ATMA BODHA 3
Avirodhitaya Karma Na-vidyam Vinivartayet
Vidya- Avidyam Nihantyeva Tejas--Timirasanghavat
Ignorance cannot be destroyed by Action because it is not in conflict with ignorance. Knowledge alone destroys ignorance as light destroys deep or thick darkness.
Why do austerities like Tapas, a life without sin, Santam or peacefulness, control over the senses, and a sincere desire for liberation provide no emancipation as KNOWLEDGE does? By KNOWLEDGE Sankara means KNOWLEDGE of the SELF only. According to the Upanishads , KNOWLEDGE means the KNOWLEDGE of the SELF or the BRAHMAN. By attaining Knowledge one rediscovers the Self or Atma in us embedded in the innermost recess of our heart. The Vedas, Upanishads and scriptures describe the Atman as ever present. The Isavasya Upanishad proclaims: “He pervades all things: he is radiant, incorporeal, invulnerable, and sinewless; He is pure and un touched by evil; He is the seer, wise, all pervading and self existent----“ ( chapter 1 ---8)When such is the case, where is the need for striving for it which is ever present in us. In short, all our actions, austerities, tapas and other rituals do not lead us directly to the KNOWLEDGE of the SELF. The purpose and effect of all austerities is to clean the inner equipment of perception and to see the true and real nature of our own SELF.
Sankara introduces a beautiful simile to illustrate the point. A room is terribly dark and nothing is visible. Is it possible to sweep away the darkness in baskets? It is a vain effort to do so. No physical effort will dispel the pitch darkness in the room. The easiest and the best method would be to light a match or a candle and enter the room. As soon as it is done, all the darkness in the room is dissolved and the room is illuminated. Our ignorance is the darkness in the room. The candle or the match is the light that dispels the deep darkness inside the room and reveals the truth which is the Knowledge of the SELF. The SELF is effulgent forever and we have to brush aside the enveloping ignorance to witness the glow and glory of the Self.
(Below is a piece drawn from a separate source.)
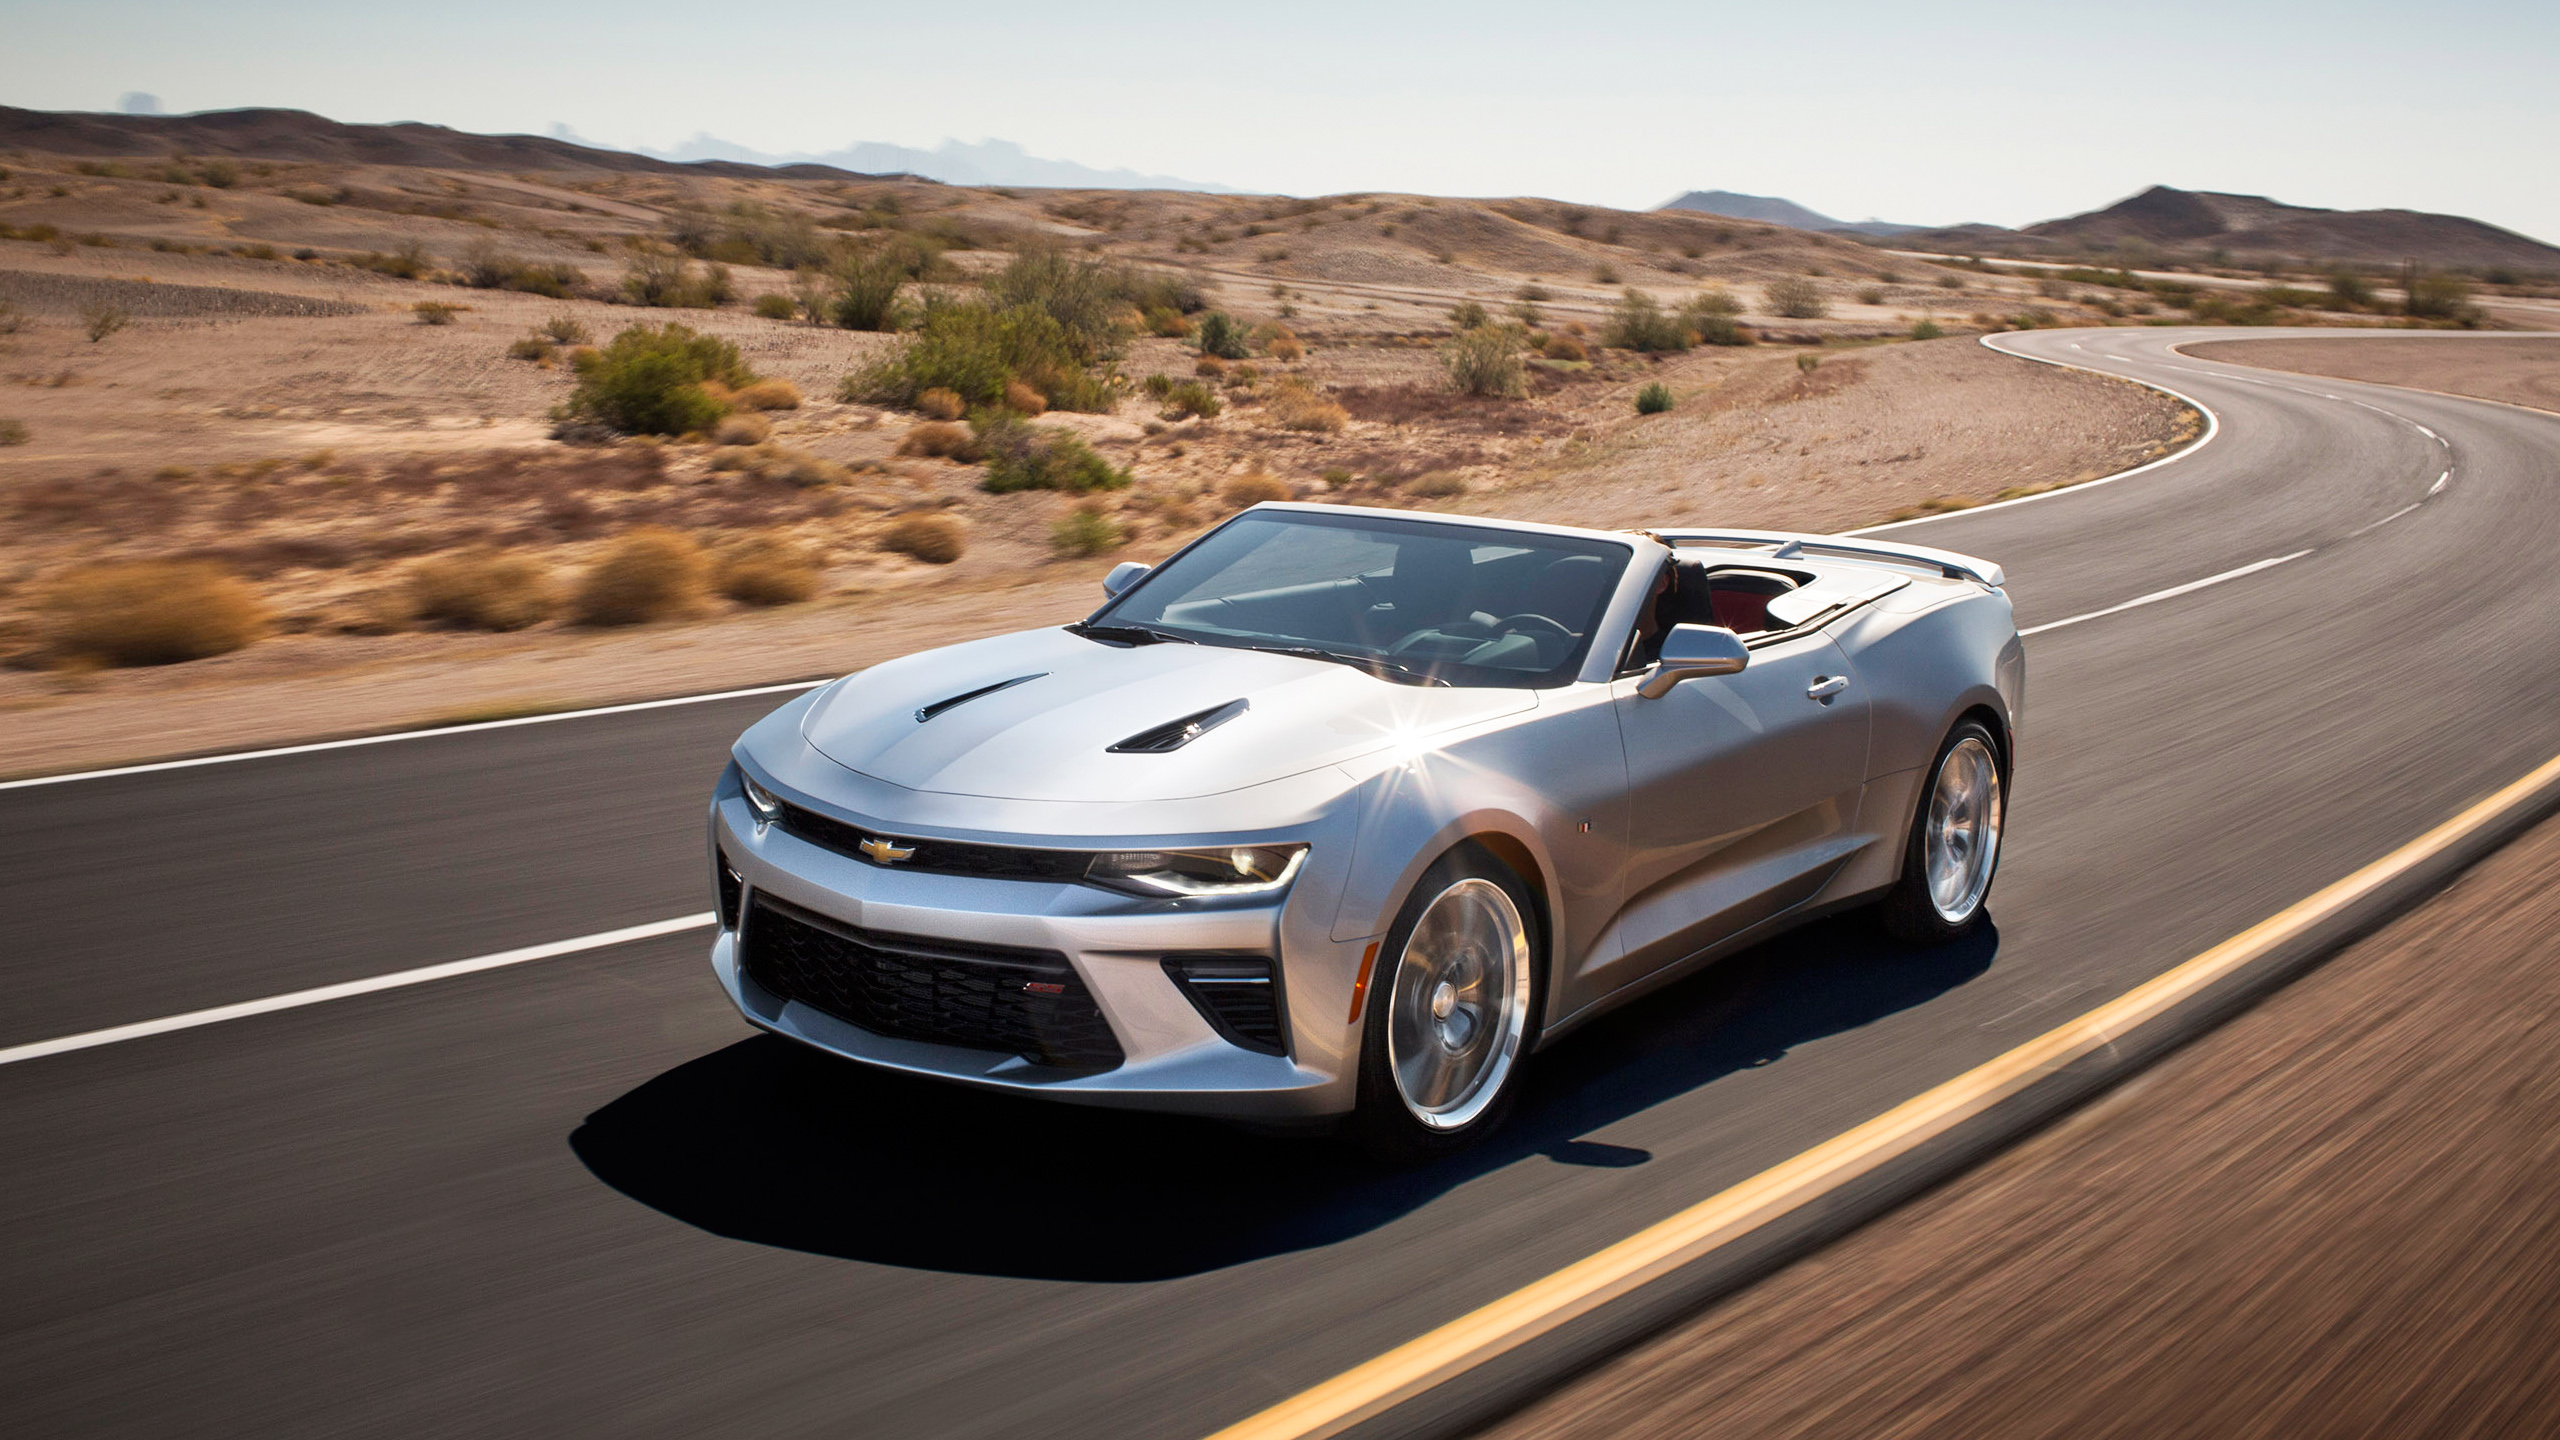 2016 Chevrolet Camaro Convertible Wallpaper | HD Car ...
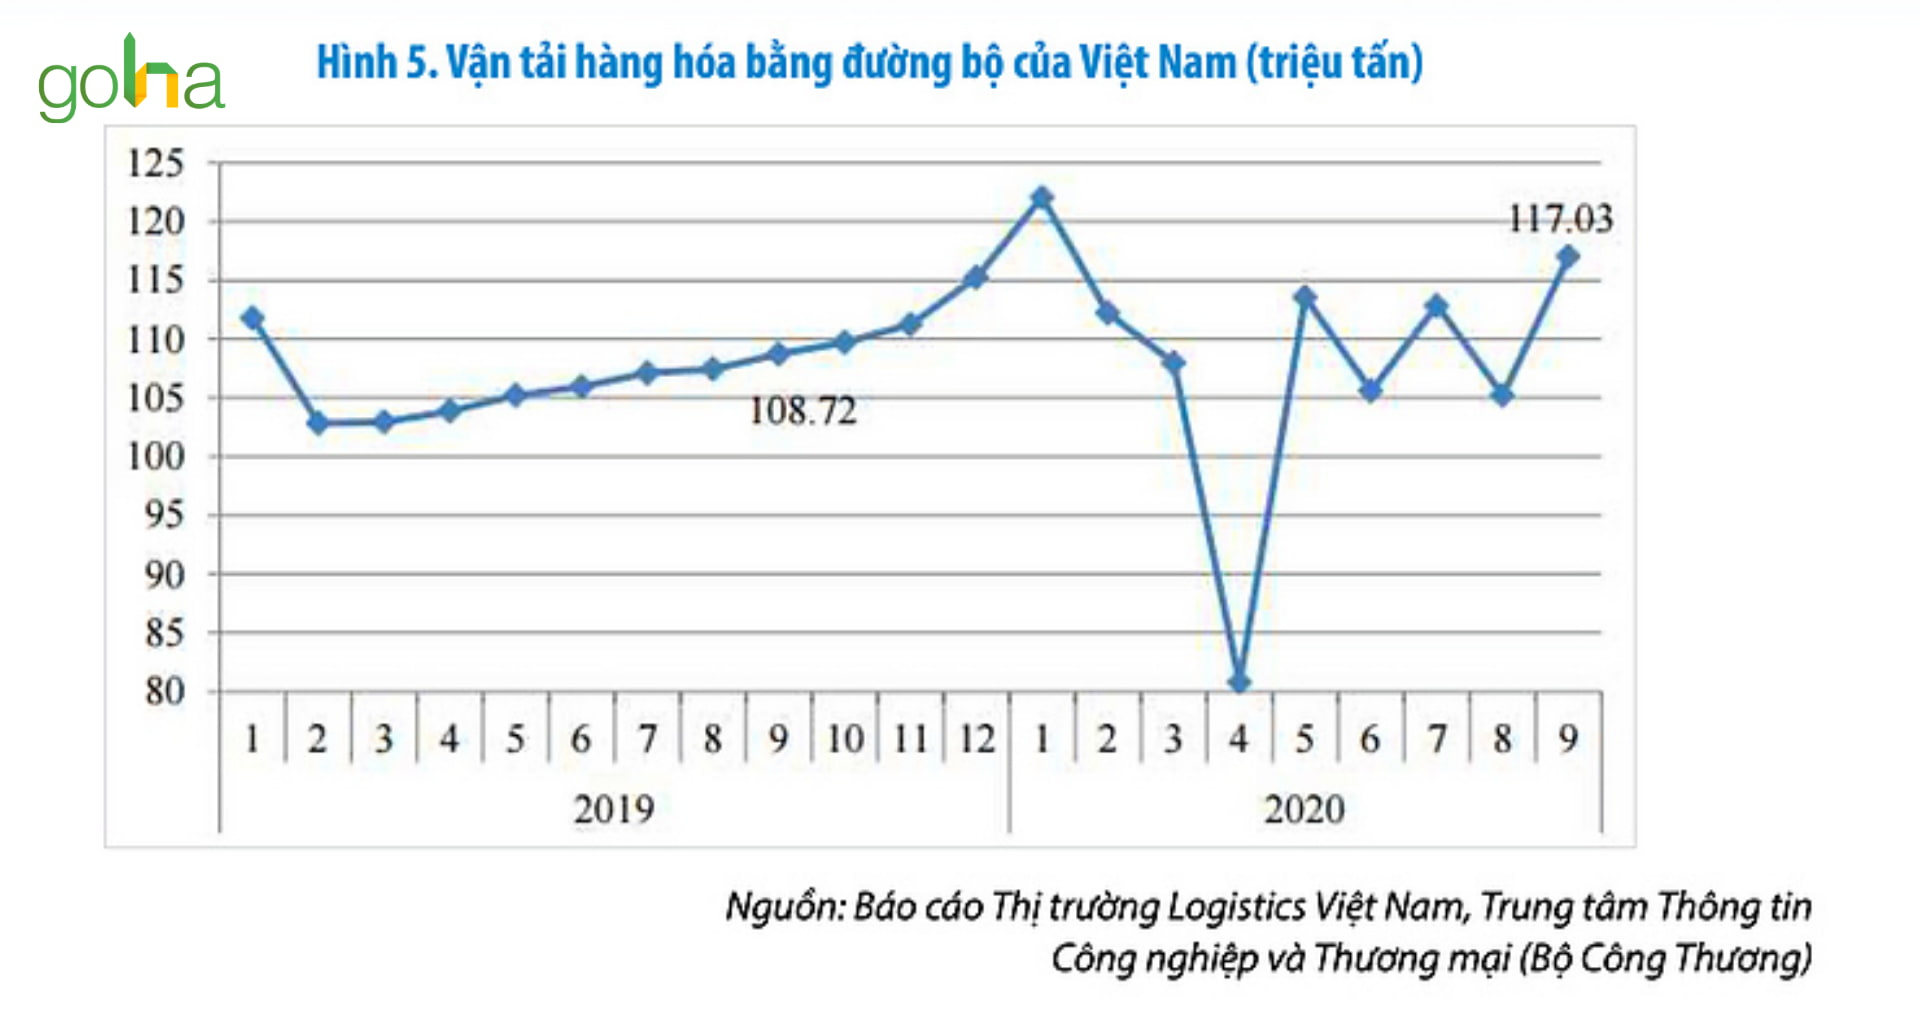 bao-cao-thi-truong-logistics-viet-nam

Vidya is the KNOWLEDGE of the SELF. AVidya is darkness or ignorance in Vedantic parlance. Man is enveloped in ignorance or Avidya and is unable to think of the Self. He thinks that he is the Body and attaches all importance to its activities. He has no time to contemplate on the SELF within his own body. Attachment to mundane things like wife, children, wealth, kith and kin hang heavily on him and he is doomed and lost forever. Until this Avidya is brushed off there is no liberation or emancipation for him. The example of the rope and snake reveals the nature of man. he is thirsty and wants to quench his thirst. There is a well and a bucket and rope nearby. But it is pitch dark. He moves forward cautiously, steps upon the rope but suddenly turns back in horror mistaking it for a snake. On switching on the torch, he is relieved to know that it is, after all, a rope! Darkness is ignorance. Light is Knowledge. Where there is illumination or KNOWLEDGE there is no AVIDYA or Ignorance.
In Hinduism, Avidya stands for confusing the mundane reality to be the only reality and as permanent though it is ever changing. According to Hinduism there is a spiritual reality consisting of Atman—Brahman, one that is the true, eternal, imperishable reality beyond time. Avidya is the absence of Knowledge, essentially an ignorance of who we are. It is often referred to as the root cause of human suffering. Avidya is also called primal ignorance. It takes the non eternal to be eternal, the impure to be pure, the pain producing to be pleasure producing and the non –Atman to be the Atman! Avidya is also called Maya in philosophy. It is the root cause of delusion compelling people to believe right as wrong and wrong as right. It is absolutely impossible to overcome Maya as Krishna Himself says “ mama Maya duratyaya.”